All lines from the one that contains "beautés volantes. pleine" through the close of the entries below are to be repeated exactly, without any pictures.

● ● ● ● ●

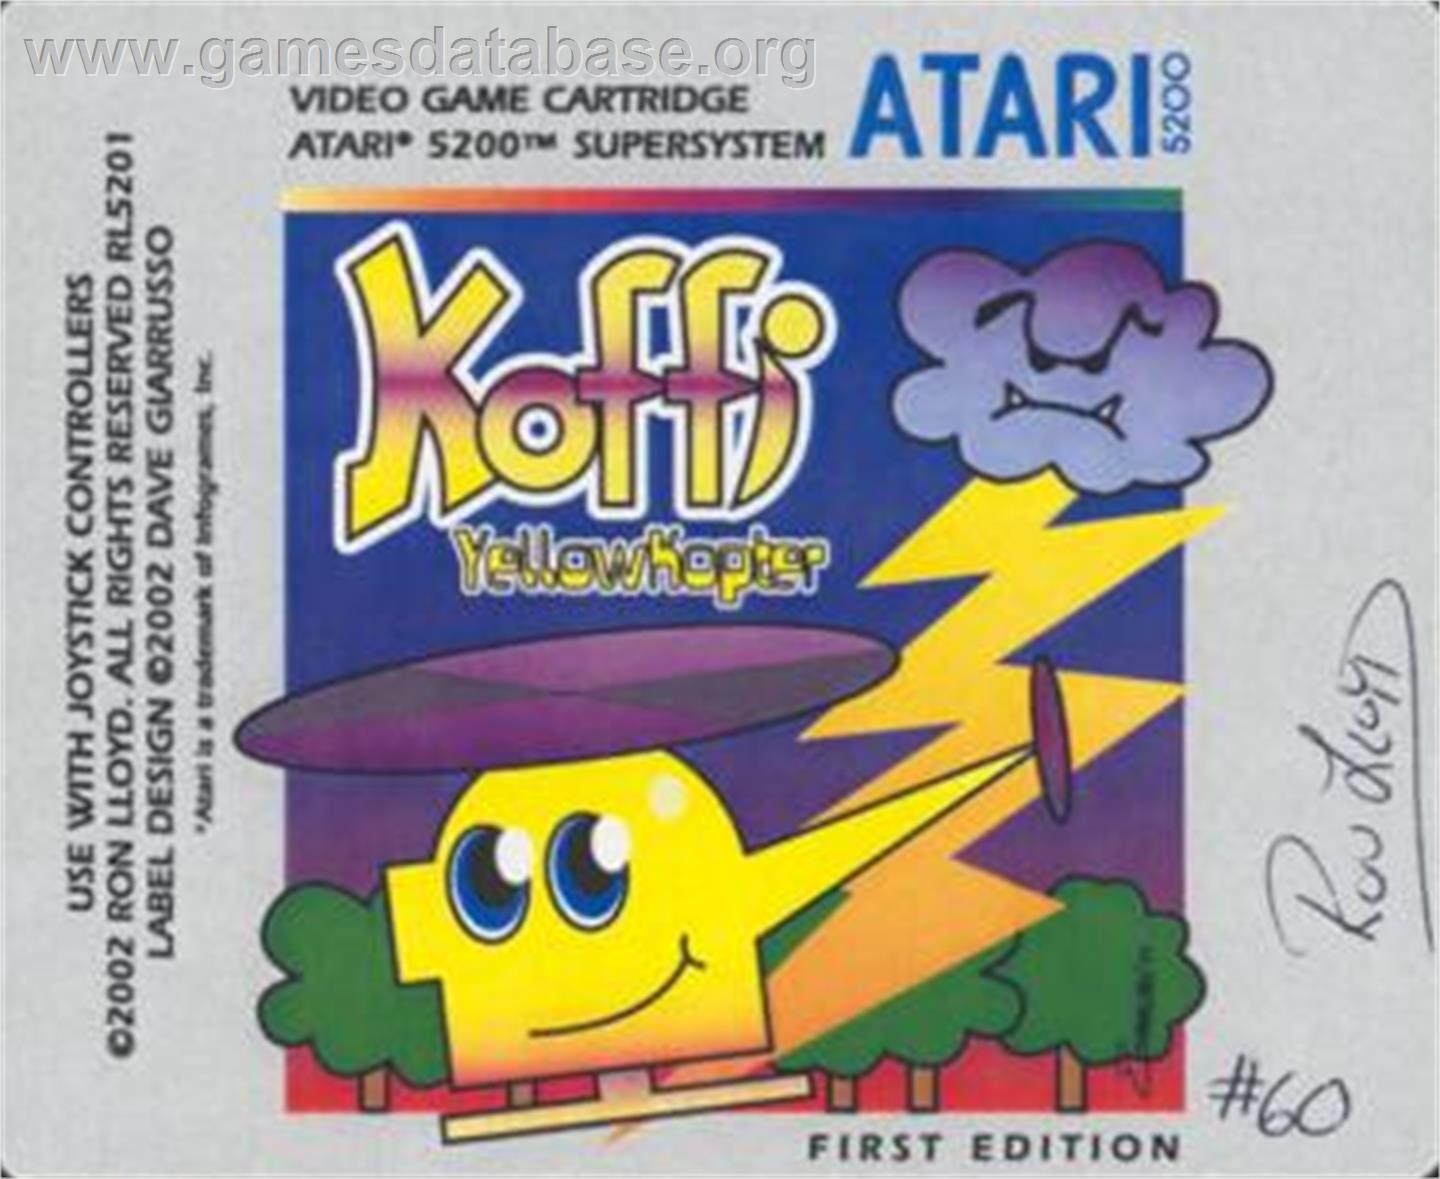 Koffi: Yellow Kopter: Demo - Atari 5200 - Artwork - Cartridge Top
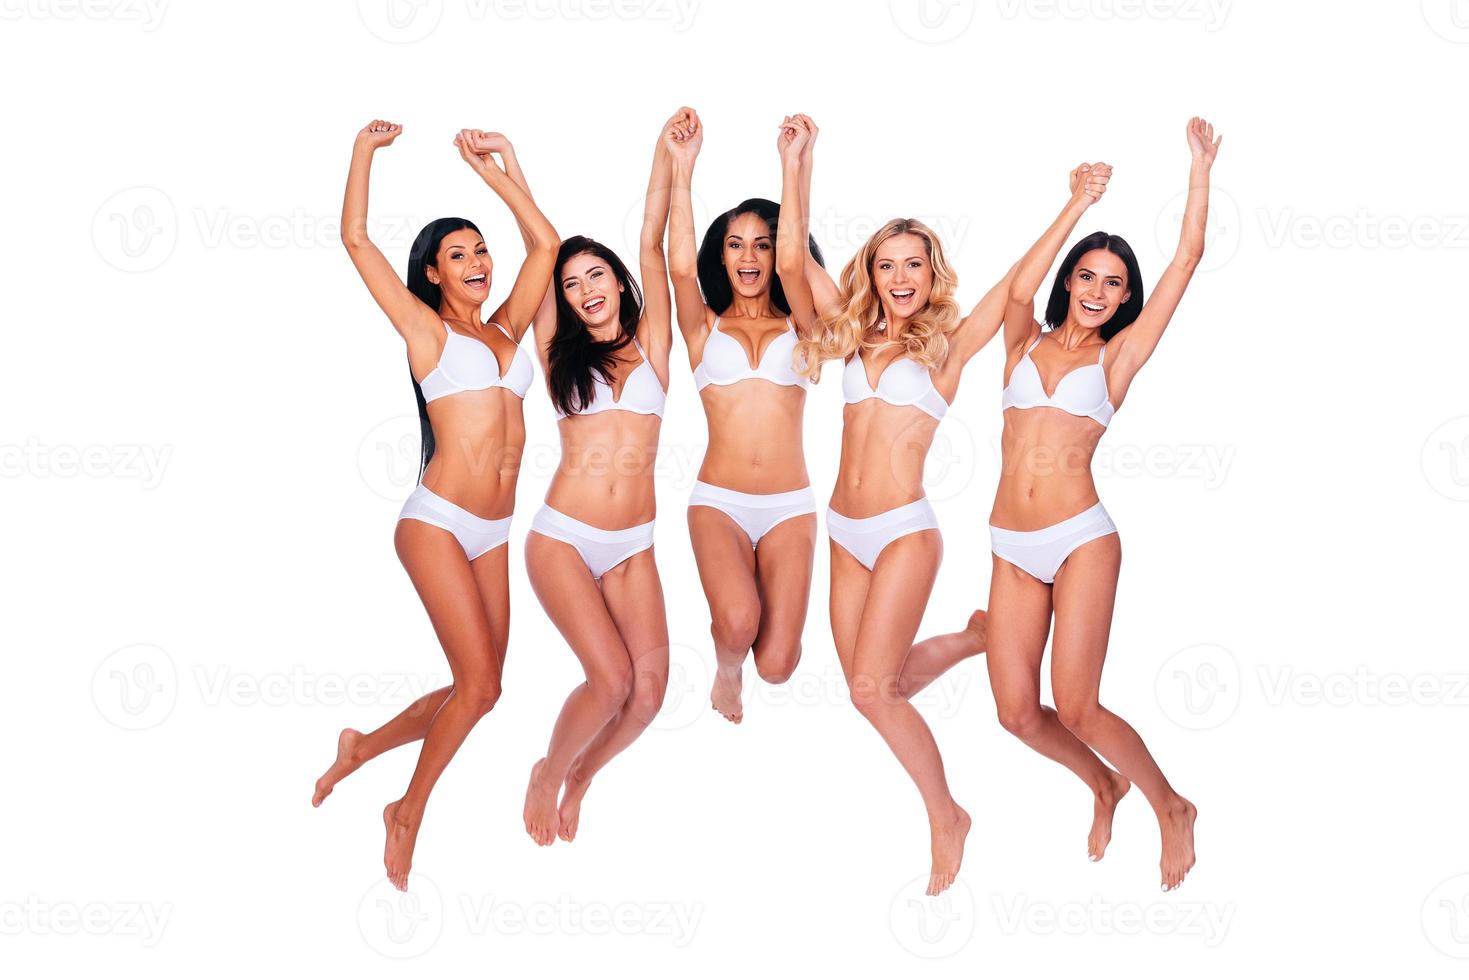 beautés volantes. pleine longueur de cinq belles femmes en lingerie sautant et gardant les bras levés sur fond blanc photo
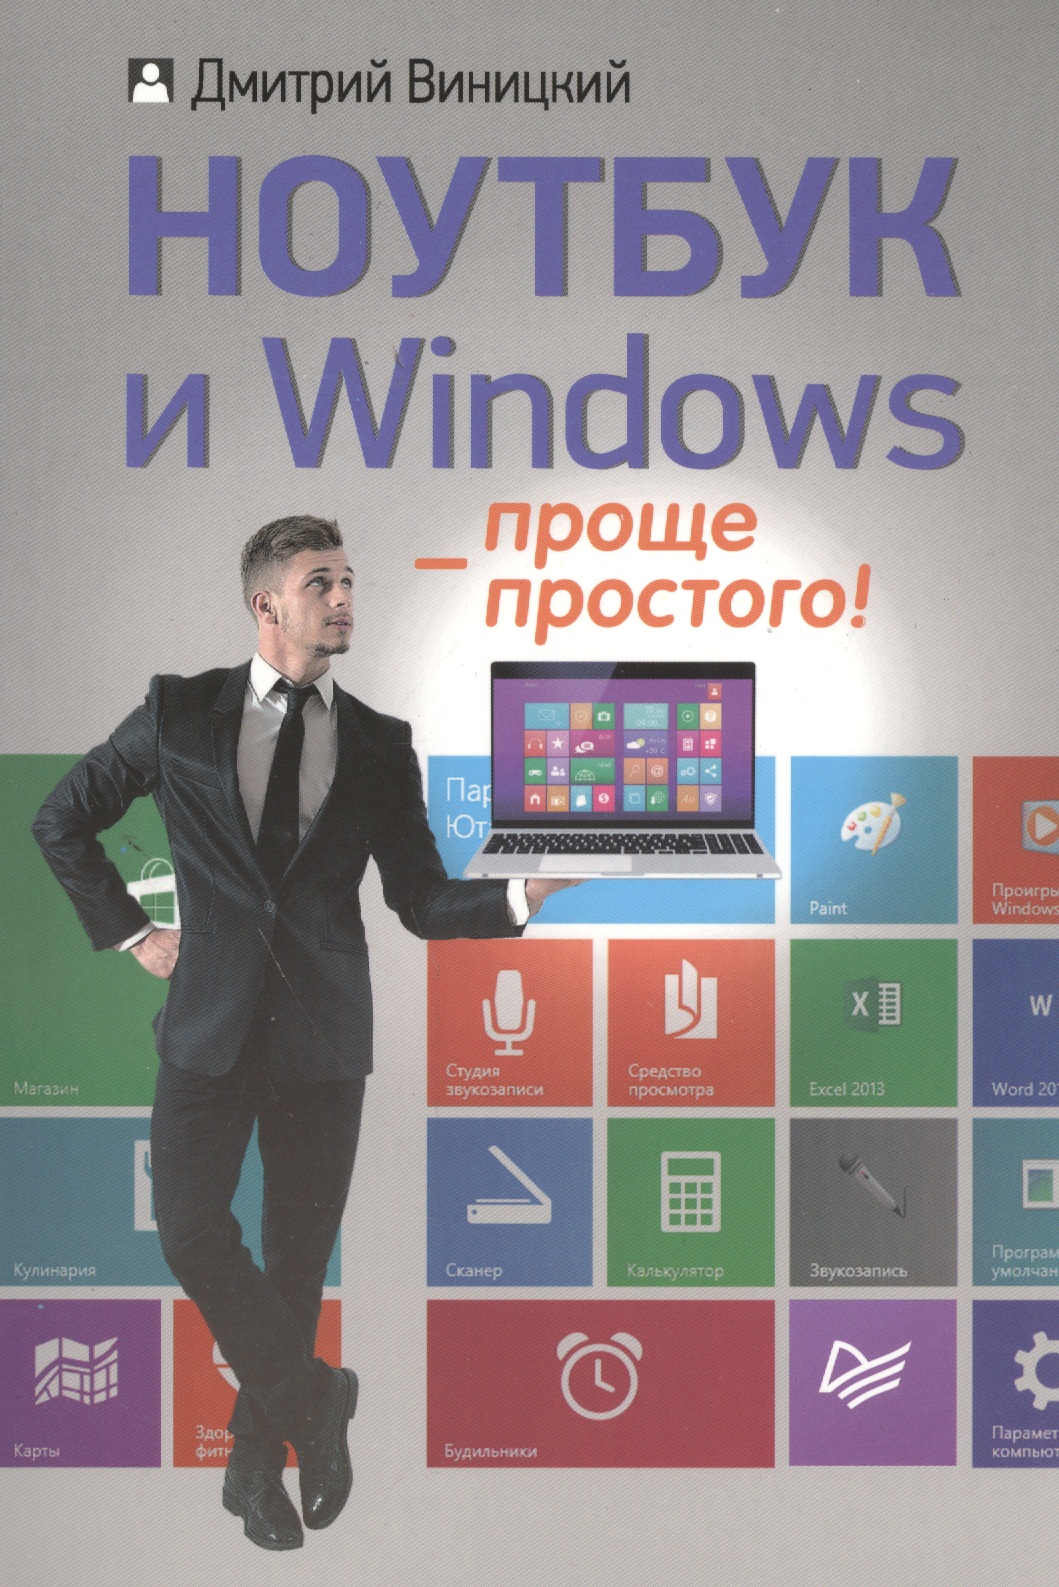 Виницкий Дмитрий Мирославович Ноутбук и Windows - проще простого!
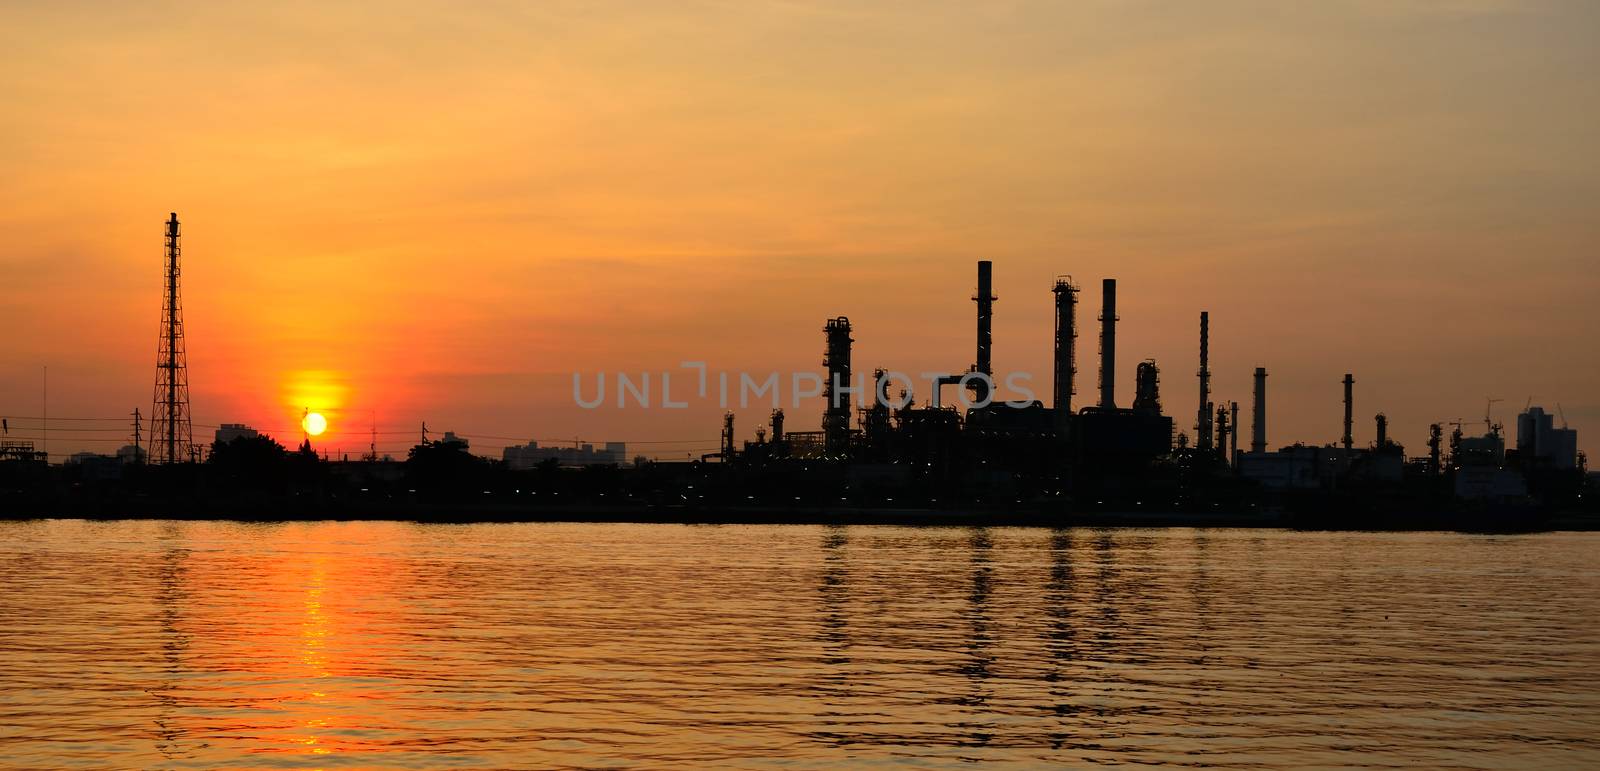 Sunrise scene of Oil refinery by pixbox77
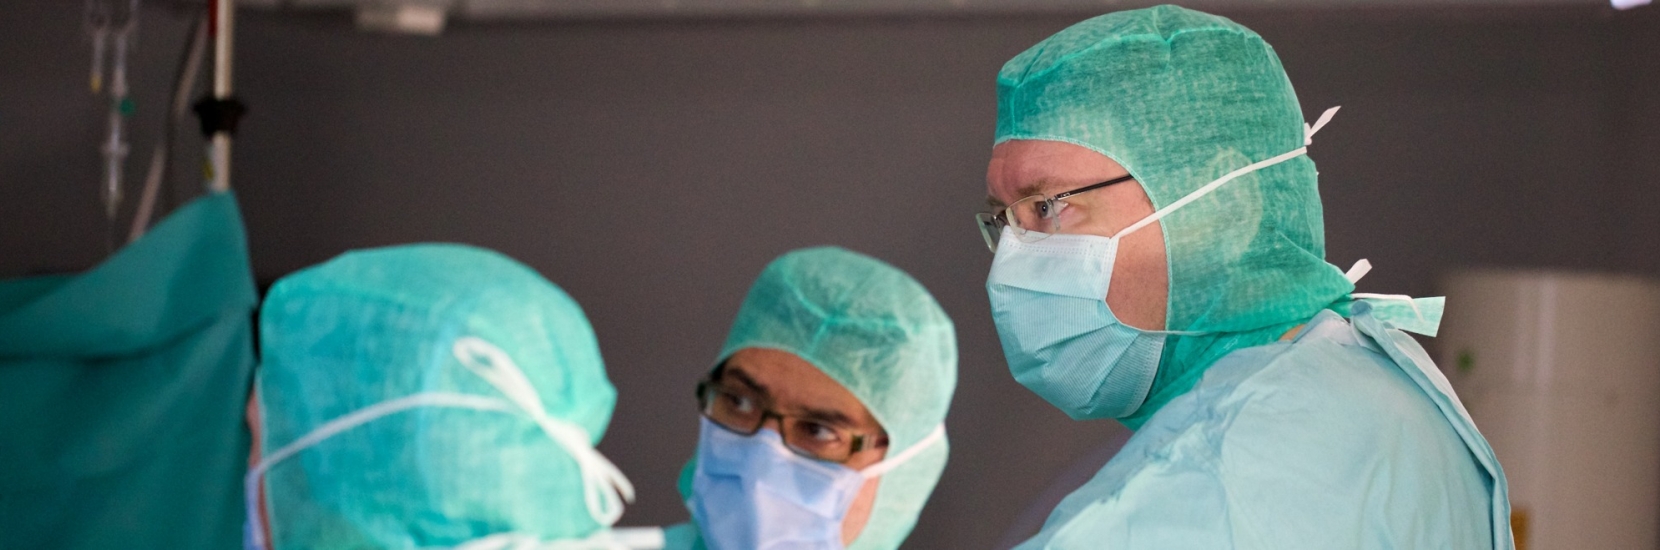 Le Prof. Dr Romain Seil, chirurgien orthopédiste au CHL, nommé président de la société européenne ESSKA

● ● ● ● ●

■ **Task solution**
 beautés volantes. pleine longueur de cinq belles femmes en lingerie sautant et gardant les bras levés sur fond blanc photo
 Виницкий Дмитрий Мирославович Ноутбук и Windows - проще простого!
 Sunrise scene of Oil refinery by pixbox77
 Le Prof. Dr Romain Seil, chirurgien orthopédiste au CHL, nommé président de la société européenne ESSKA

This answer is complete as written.